PROVIDED DATA »
***
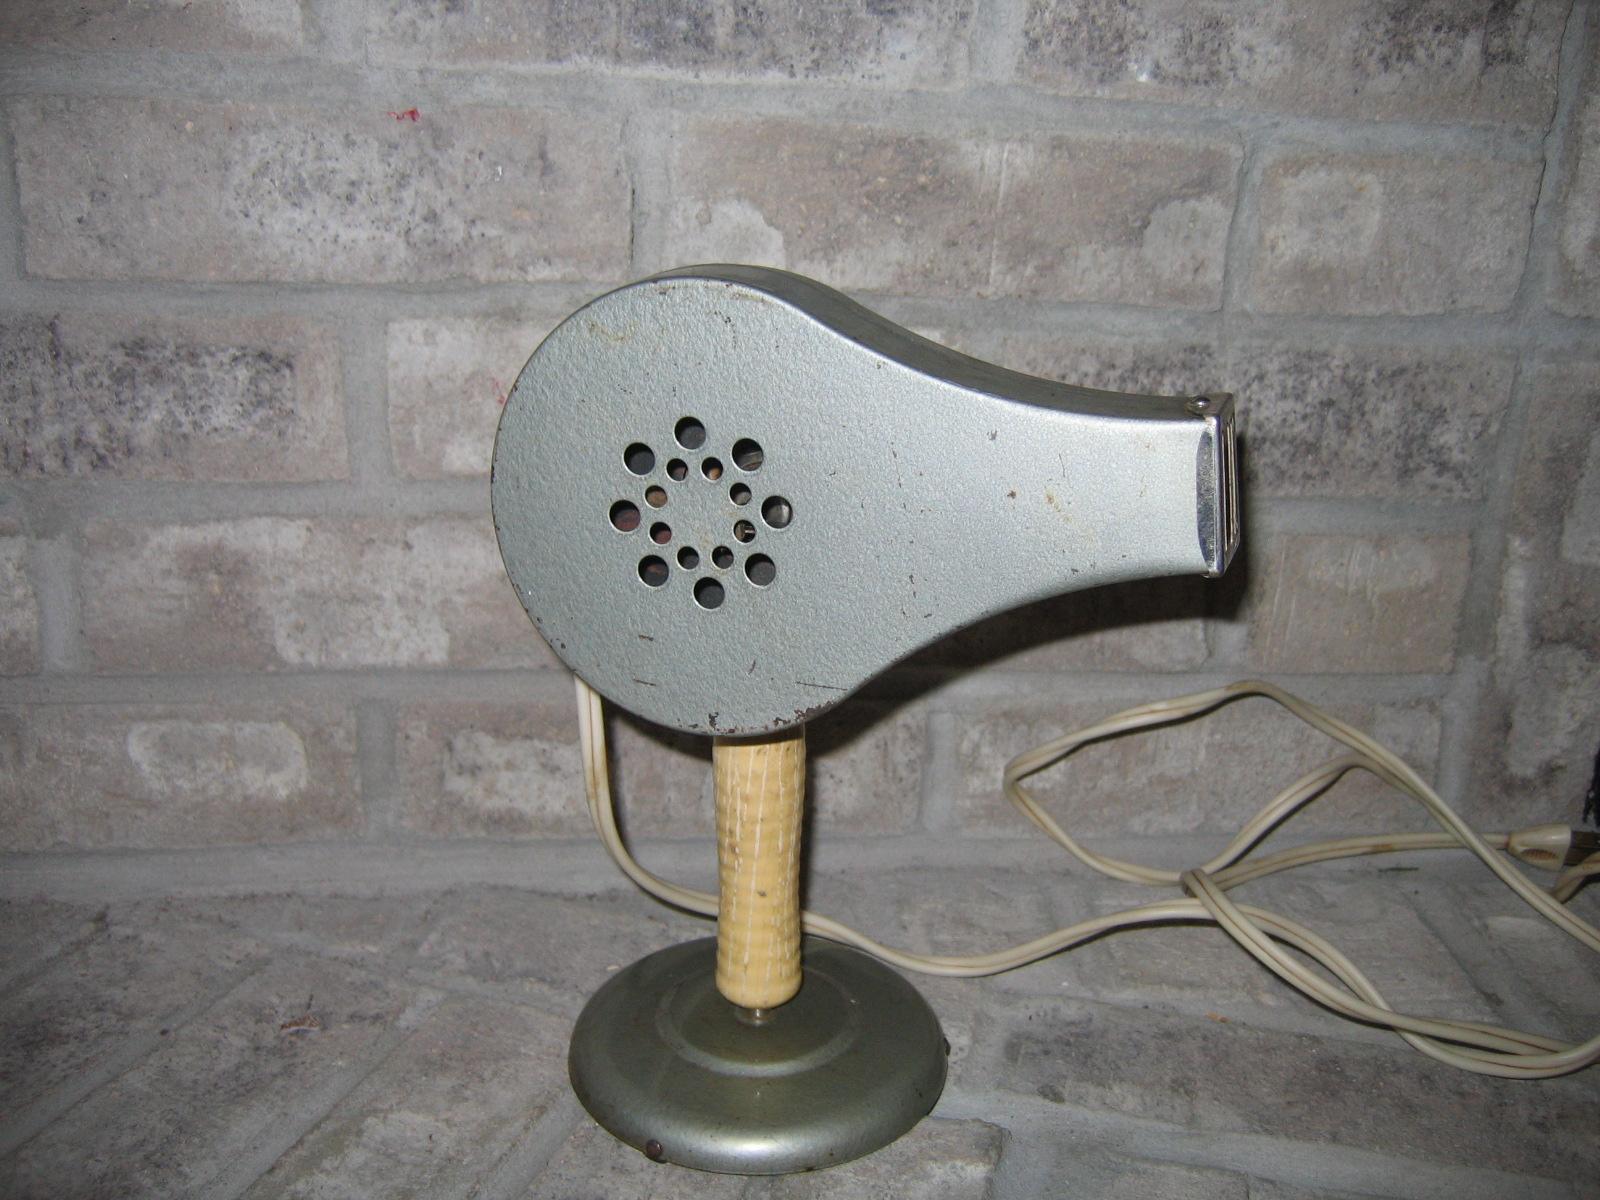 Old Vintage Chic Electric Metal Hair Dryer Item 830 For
***
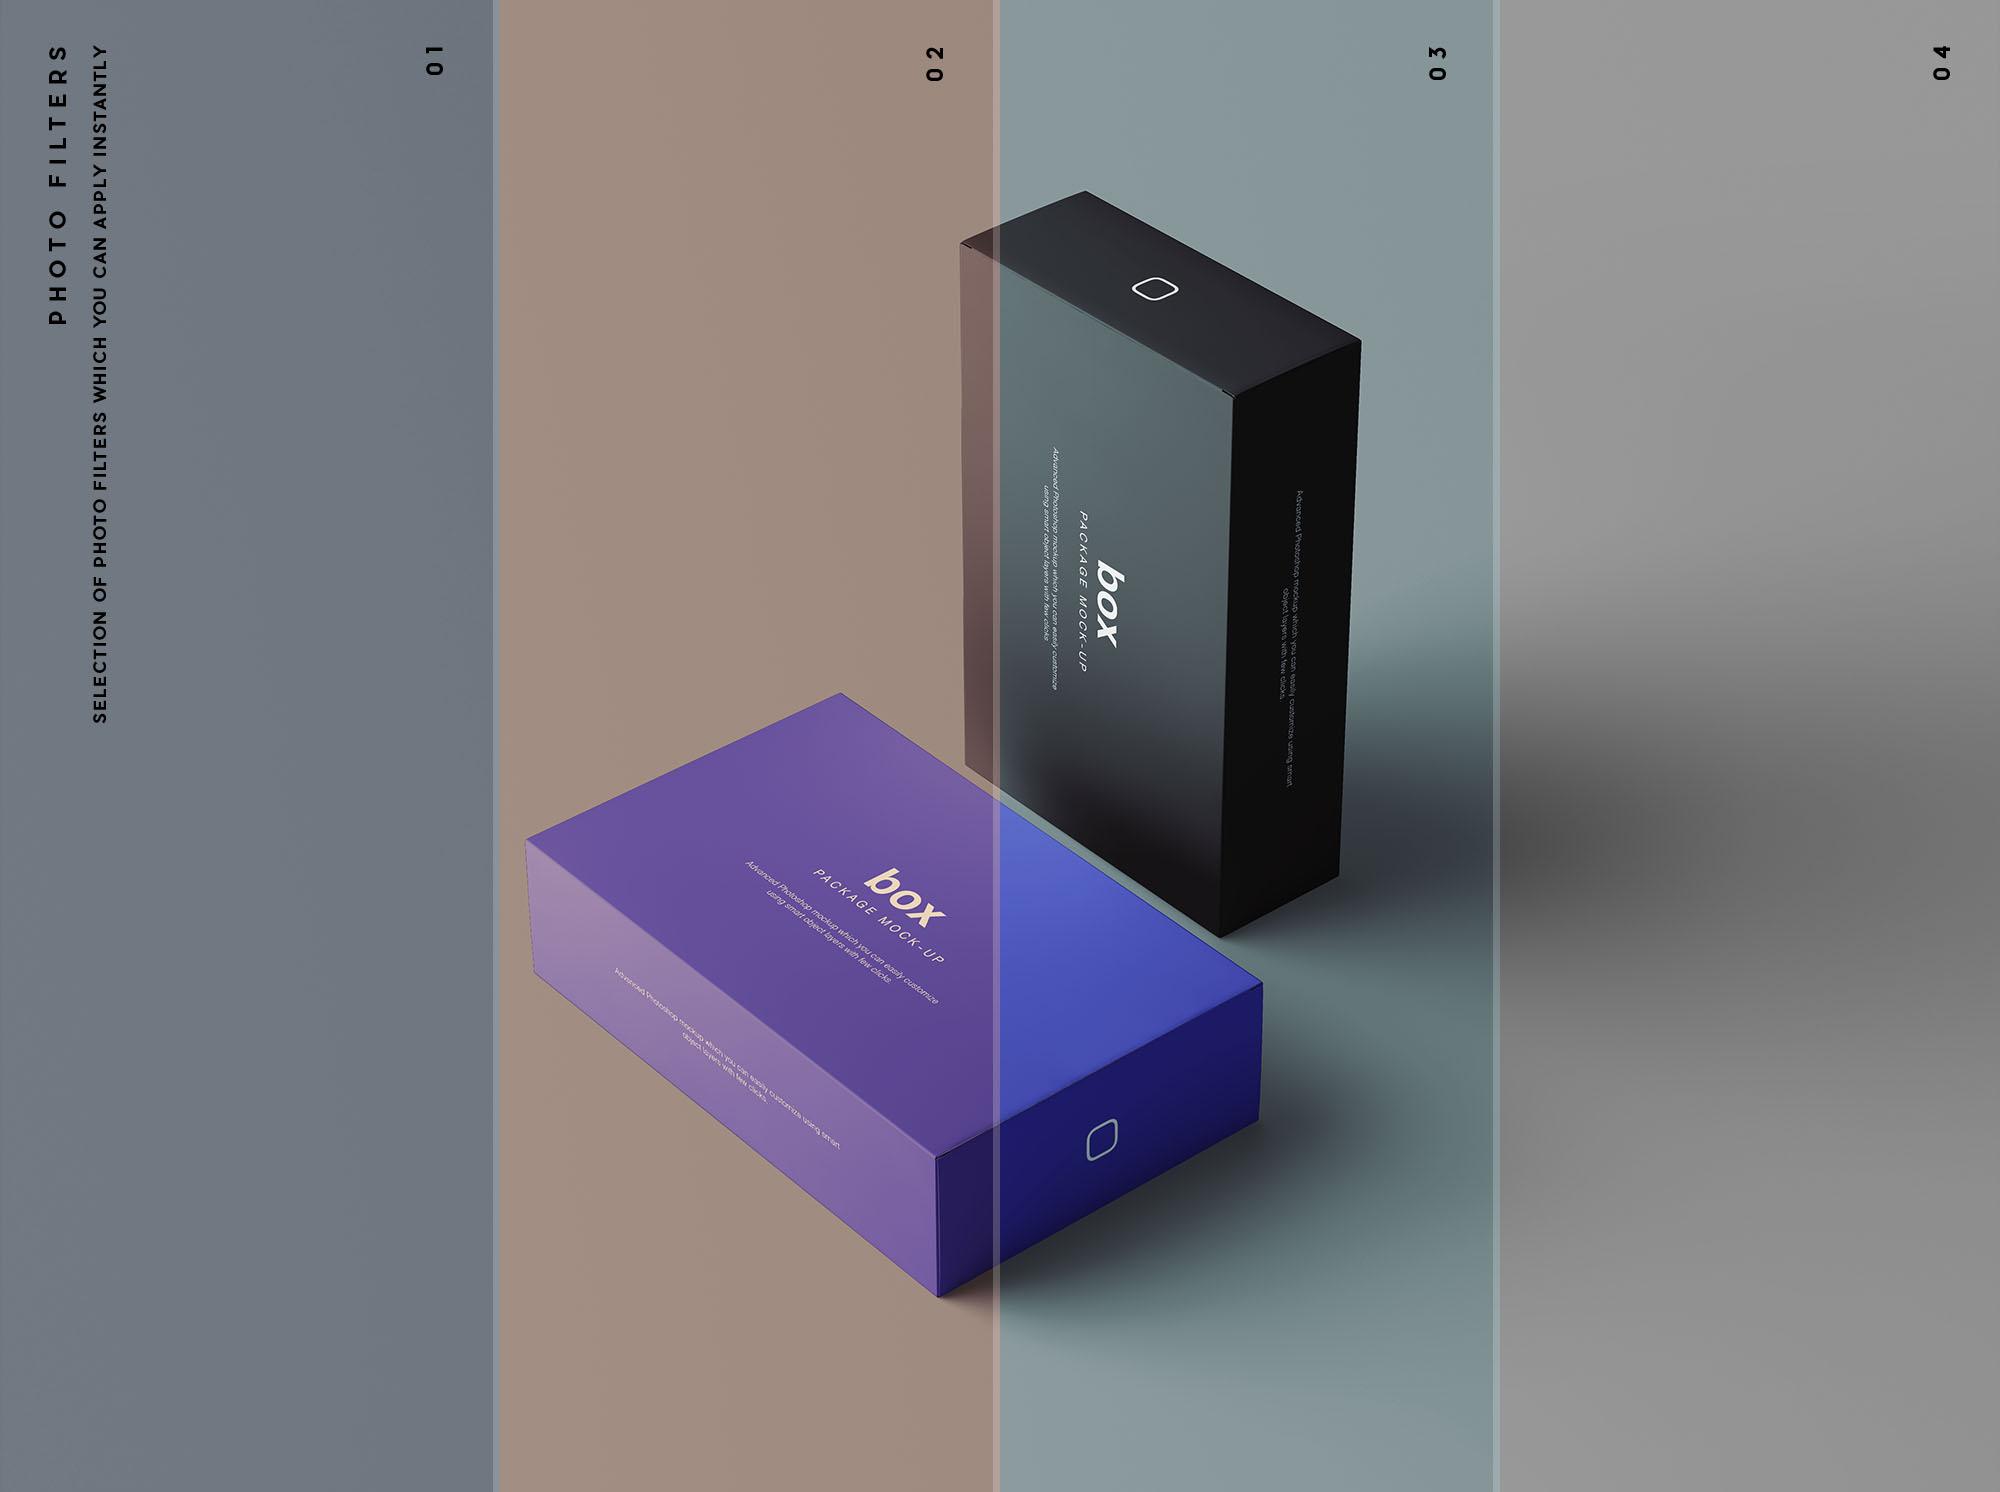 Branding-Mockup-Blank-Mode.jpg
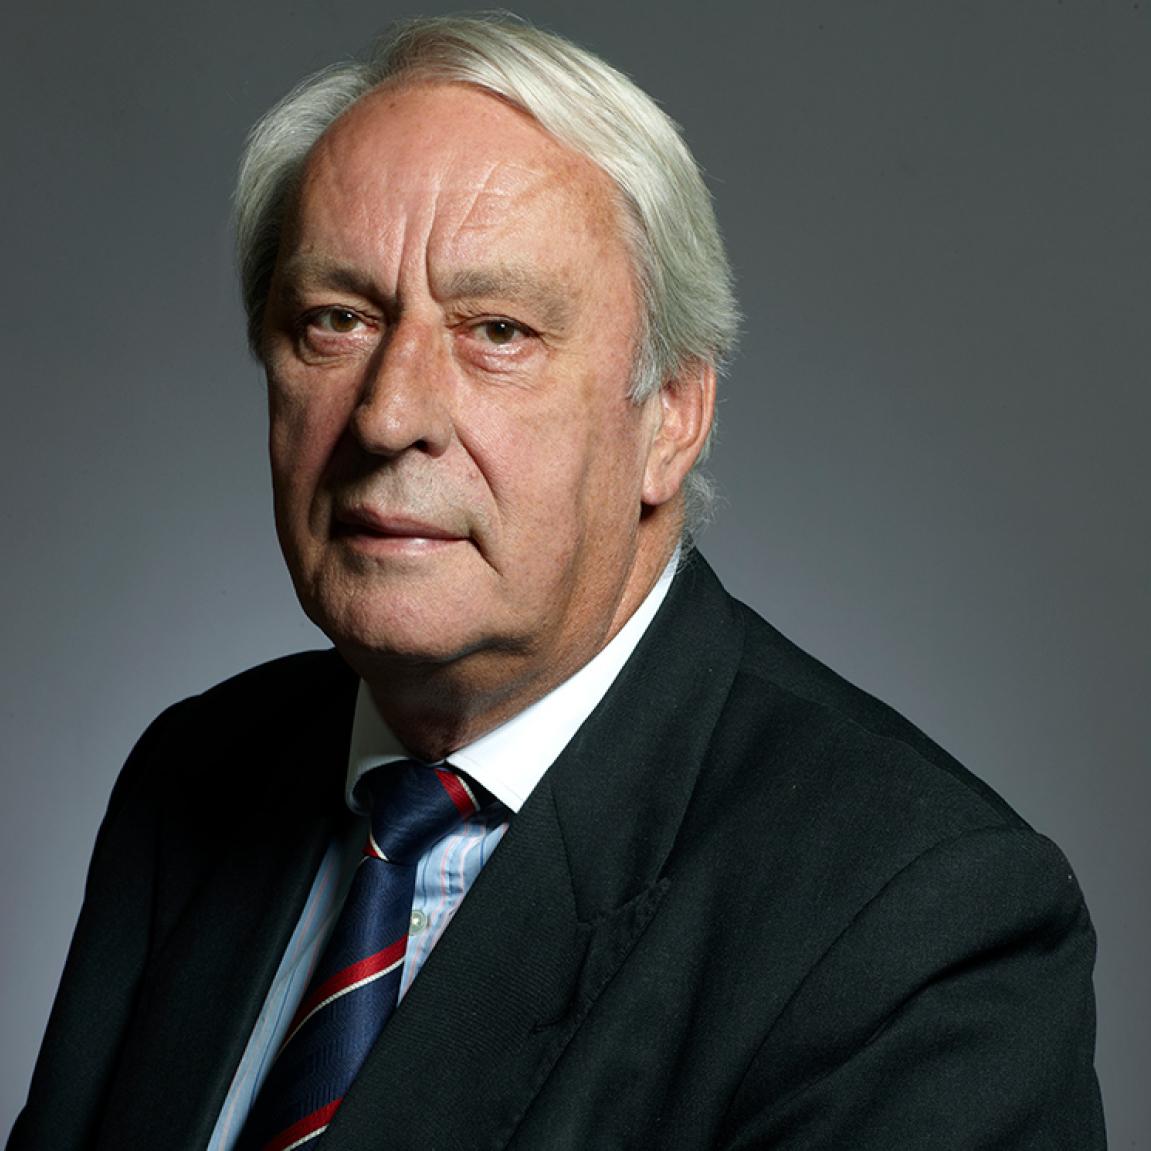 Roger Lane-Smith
***
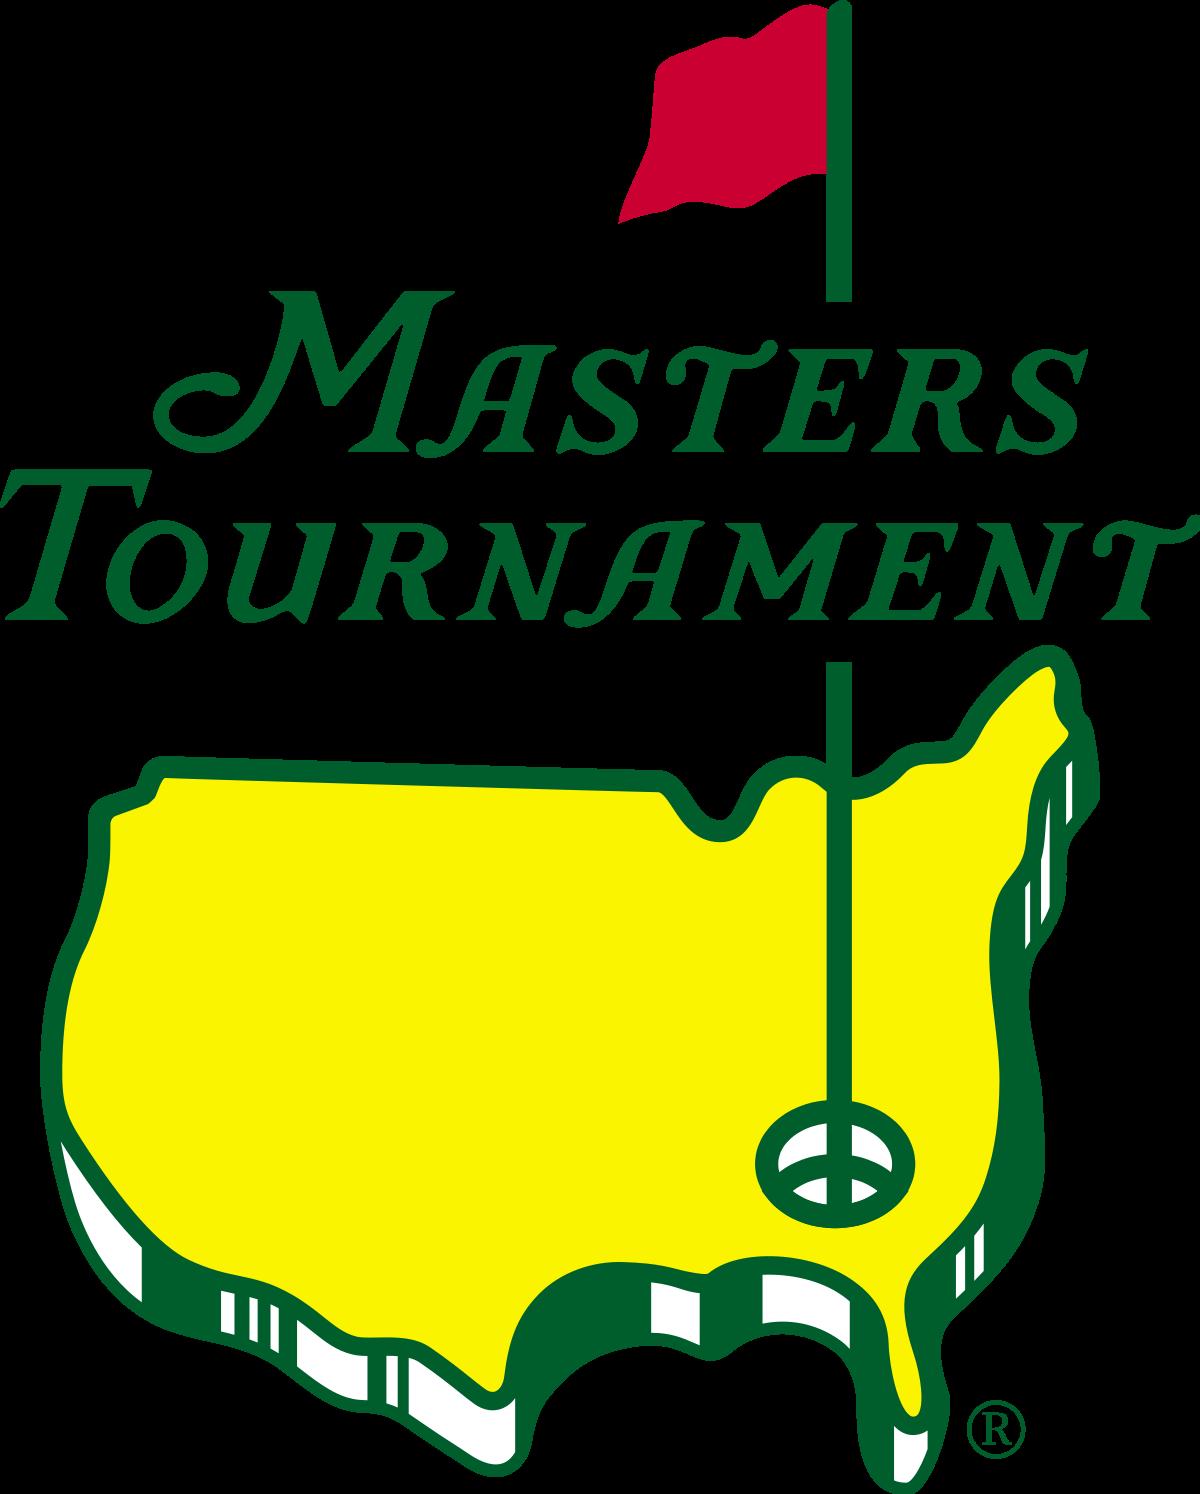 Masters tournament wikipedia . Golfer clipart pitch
***
EXERCISE BRIEF » Starting at the line with "Branding-Mockup-Blank-Mode.jpg" in the entries above, write out every line exactly until the line with "Roger Lane-Smith" has been written. Include no pictures and nothing more.

WORKED SOLUTION »
 Branding-Mockup-Blank-Mode.jpg
 Roger Lane-Smith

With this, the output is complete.